Their results say they've conceded six goals while creating only three. But their underlying data says they should have conceded roughly 3.6 goals while creating roughly 4.8 goals. They've been heavily unlucky. Their actual record is three losses when the xG data suggests they should be close to level or even slightly positive.
This is classic regression opportunity territory. The market has overreacted to results. At 3.50, backing Team A to win represents value because the underlying data suggests they're better than their record indicates. Over the next few matches, regression should occur. This is how xG-based value betting works.
In Summary
- Expected Goals (xG) measures the quality of chances created and faced, not the luck of converting them
- When team results diverge significantly from underlying xG, regression to the mean is likely over time
- The market often overweights recent results relative to underlying performance, creating value opportunities
- Gather xG data, compare actual results to xG, and identify where odds misprice the true probability
- The xG-based value identification process: find a match, gather xG data, compare results to xG, estimate probability, check bookmaker odds
- xG is not perfect and works better over larger samples (10+ matches); variance masks signals in small samples
- Modern AI models build on xG by incorporating additional context (weather, injuries, possession patterns)
- FBref.com (Sports Reference) provides free xG data; Understat.com offers more detailed analysis for paid subscribers
- xG is significantly more predictive than results alone; gaps between results and xG reveal where value lives
FAQ
Q: Where can I find reliable xG data for free? A: FBref.com (Sports Reference) provides free xG data across all major leagues. Understat.com offers more detailed analysis but requires a paid subscription for full access. Most analysis websites display xG data even if their models differ slightly.
Q: How much recent xG data should I use? Last five matches or the whole season? A: Use both. Check how a team's xG has changed over the season and specifically their last 5-10 matches. A team that was weak early season but improving recently has more positive momentum than overall season xG suggests.
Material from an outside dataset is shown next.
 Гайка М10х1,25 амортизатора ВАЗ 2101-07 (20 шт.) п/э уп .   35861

Q: If xG is so predictive, why don't bookmakers just price based on xG? A: Bookmakers do use advanced analytics internally, but they still price with biases. Retail bettors overweight recent results and underweight complex statistical measures. To manage their liability against retail money, bookmakers adjust odds away from pure xG-based probability.
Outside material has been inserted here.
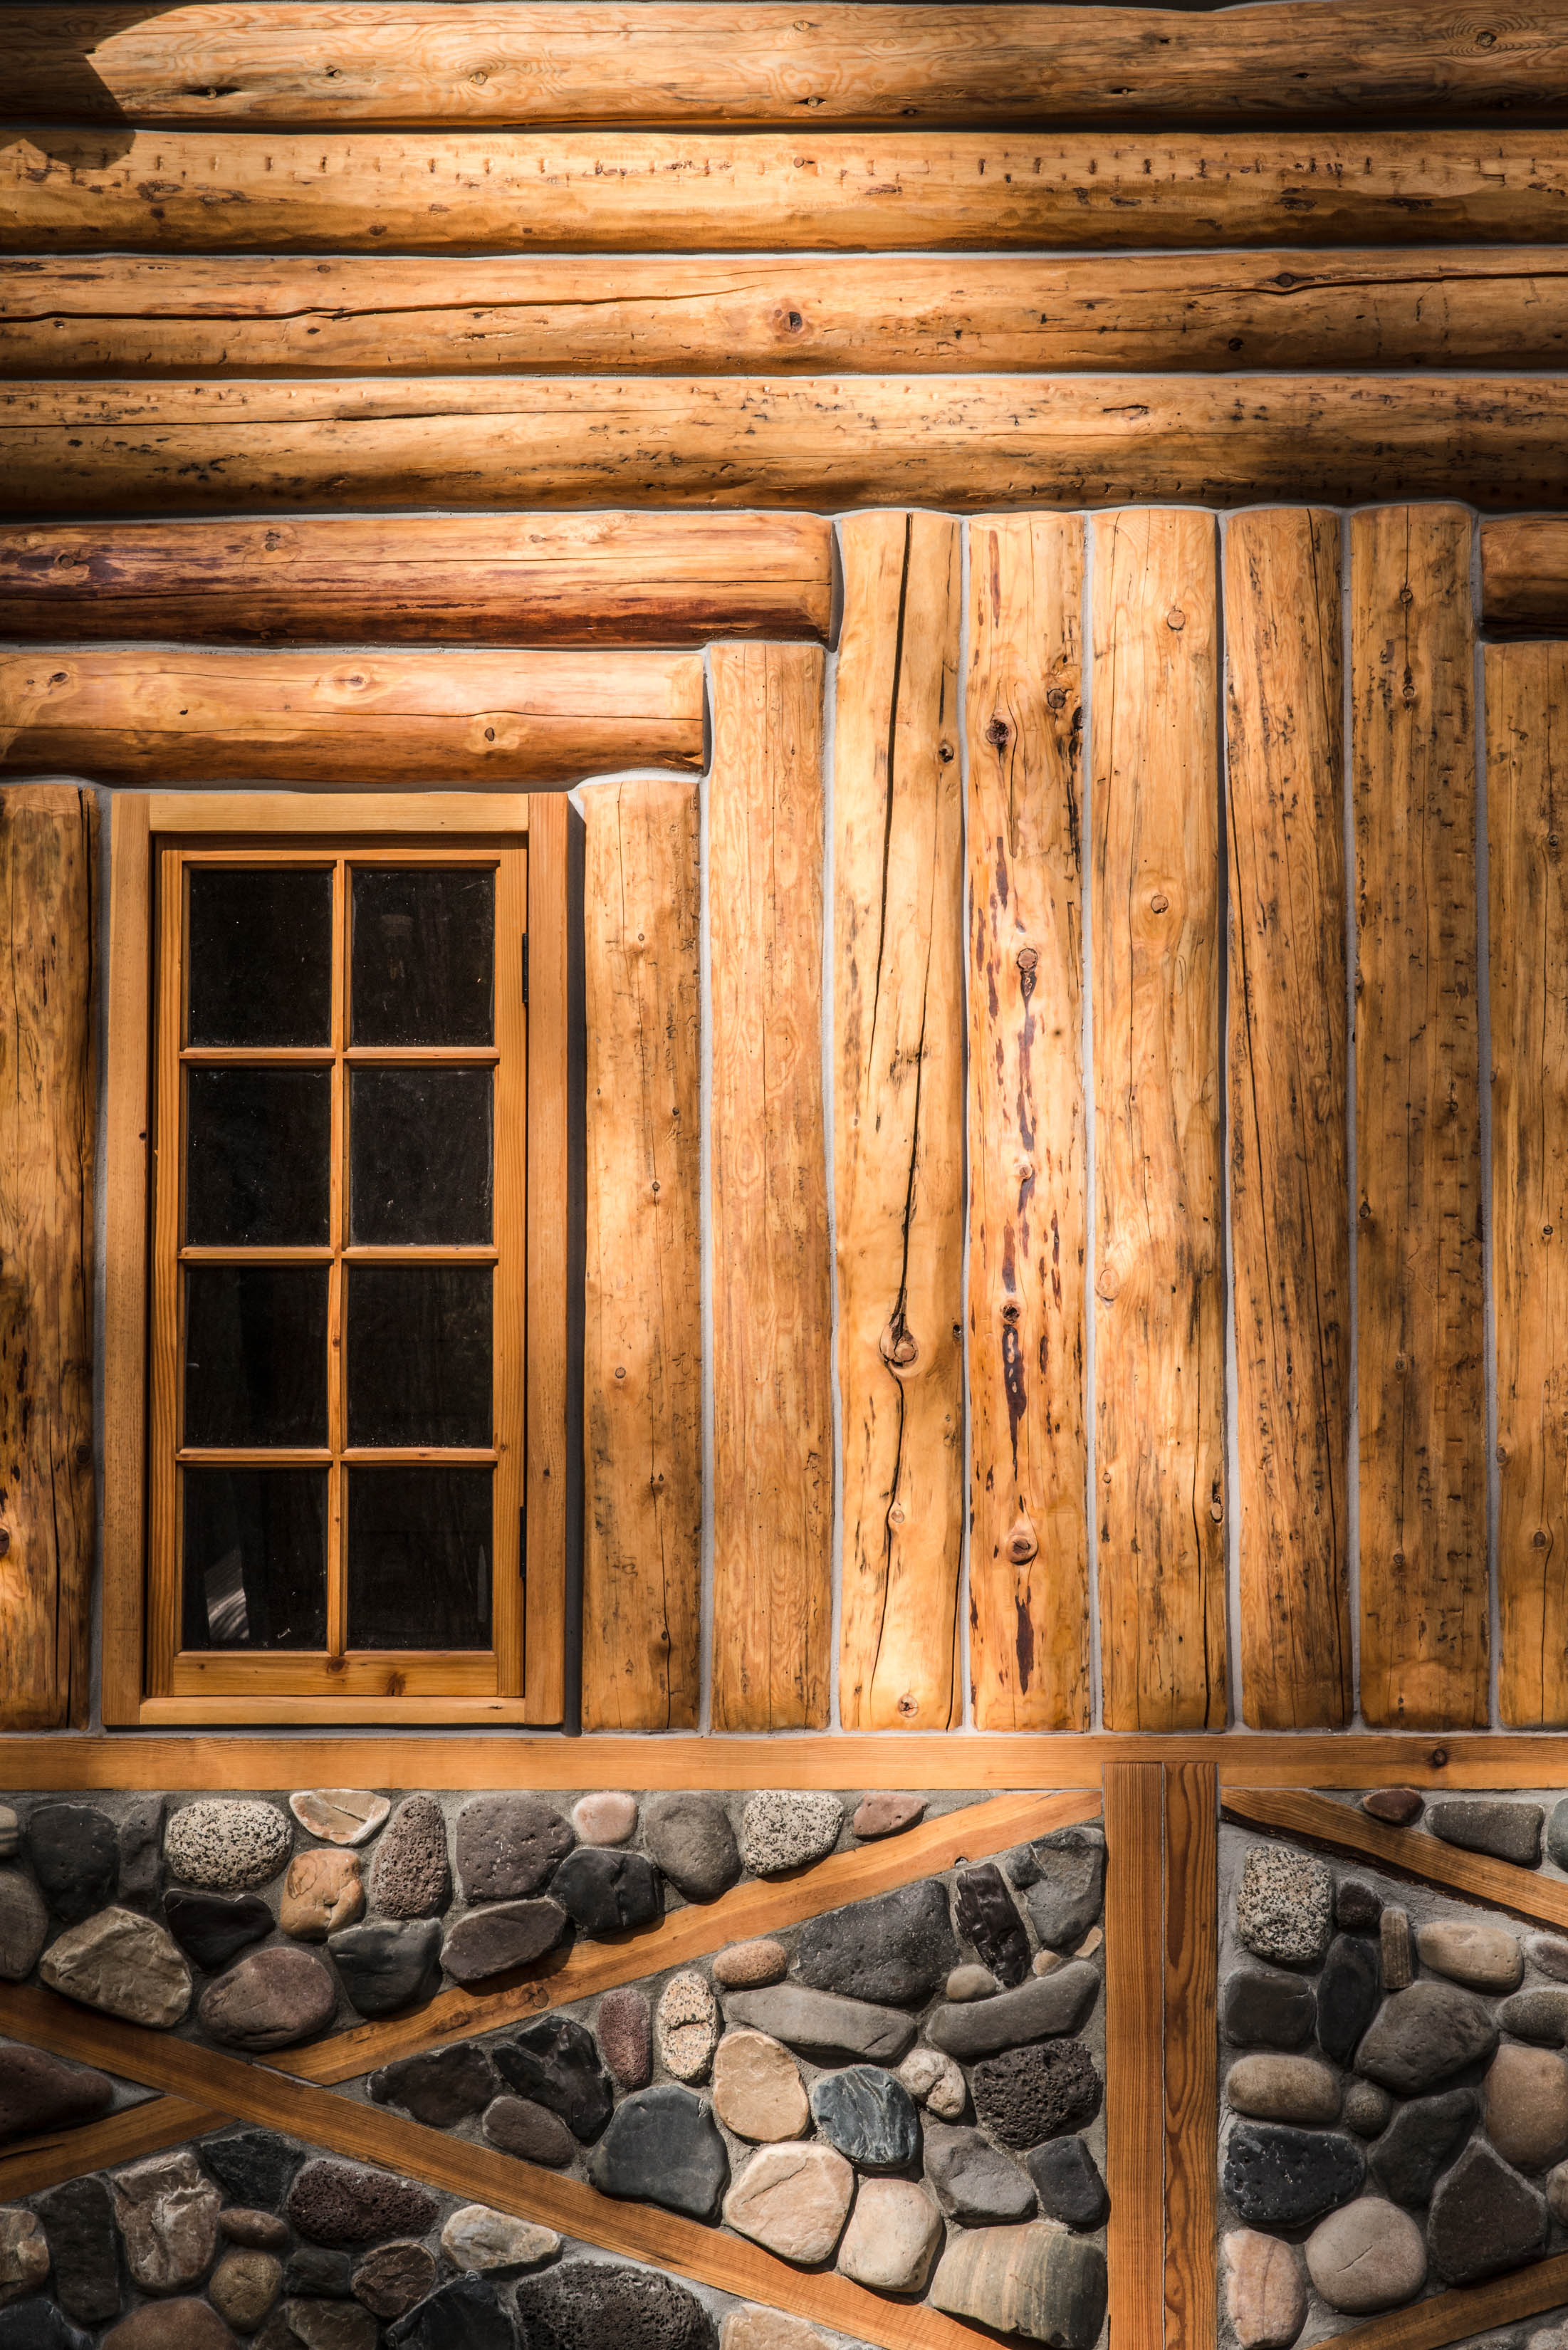 Minam_River_Lodge_Wallowa_Mountains_Eagle_Cap_Wilderness_Oregon_Autumn_2017_Please_Credit_Talia_Jean_Galvin-134.jpg

Q: Can I use xG for in-play betting? A: xG is primarily designed for pre-match analysis. In-play, the match state changes so rapidly that pre-match xG analysis becomes less relevant. Focus on pre-match value betting with xG.
Q: What's a significant gap between results and xG? A: Teams typically regress towards their xG within 5-10 matches. A gap of 5+ points between expected points (based on xG) and actual points is notable. Beyond 10 points of variance, regression becomes quite likely.
Q: Should I use only xG or combine it with other betting factors? A: xG should be one part of your analysis, not the whole picture. Combine it with team form, head-to-head records, injury information, and tactical analysis. The strongest value bets come when multiple factors align.